I found some 6P15P tubes online from a Russian retailer and bought 17 of them. I was under the impression that they were identical to an EL84 but now find that to be untrue.

I plan on using them in a Dynaco SCA-35 I'm building. I'm substituting ST-35 boards to swap the 7199 for the 12DW7 preamp/phase splitter. And removing everything but the volume control from the circuit.

Obviously, on the EL84 the suppressor (?) grid is internally connected to the cathode on pin 3. The 6P15P does not have this connection. If my tired old eyes aren't failing me the suppressor grid on 6P15P is connected to pins 1&6. The ST-35 manual voltage chart lists 13.5 volts on pin 3 and 0 volts on pins 1&6. This is important because of the 150 volt limit on the suppressor grid for the 6P15P.

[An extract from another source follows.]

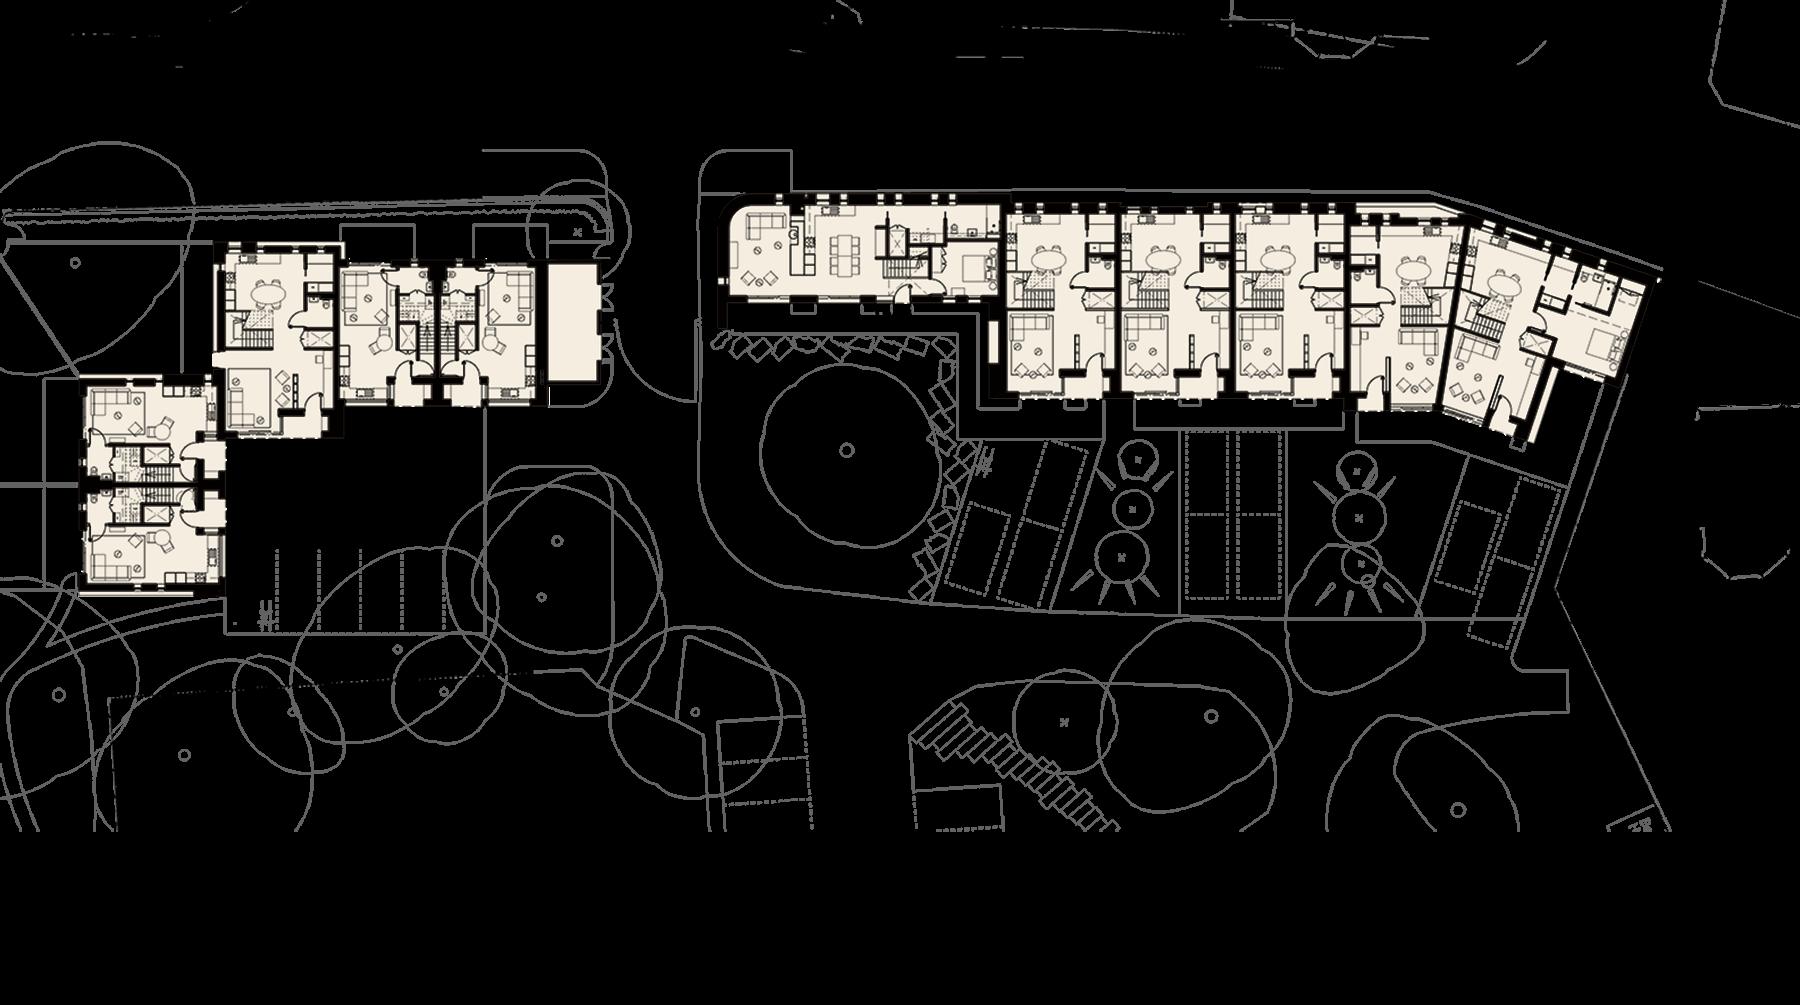 Sarah-Wigglesworth-Architects Shell-Cove-IC Plan 1800

I also found the "Hazen" mod for Decware amps where the EL-84 cathode and suppressor grid are connected by a non-polarized film cap. Since there is an internal connection for these I'm assuming the cap is a bypass cap?

So these are my questions. Is the 150 volt limit on the grid for a pentode amp where the grid is driven? This not the case in the ST-35 as it is an ultra-linear amp. Second, should I connect the cathode to the suppressor grid? Third, Does anyone know the value of that cap? And lastly, could I damage my new amp by experimenting with this connection either by cap or by a wire?

Since the ST-35 boards use a chassis mount socket for the EL-84 rewiring the output tube sockets is easy.

As always, thanks for any help you could provide!


P.S. I also posted this on another thread, the 6P15P thread. I hope I haven't committed a faux pas here?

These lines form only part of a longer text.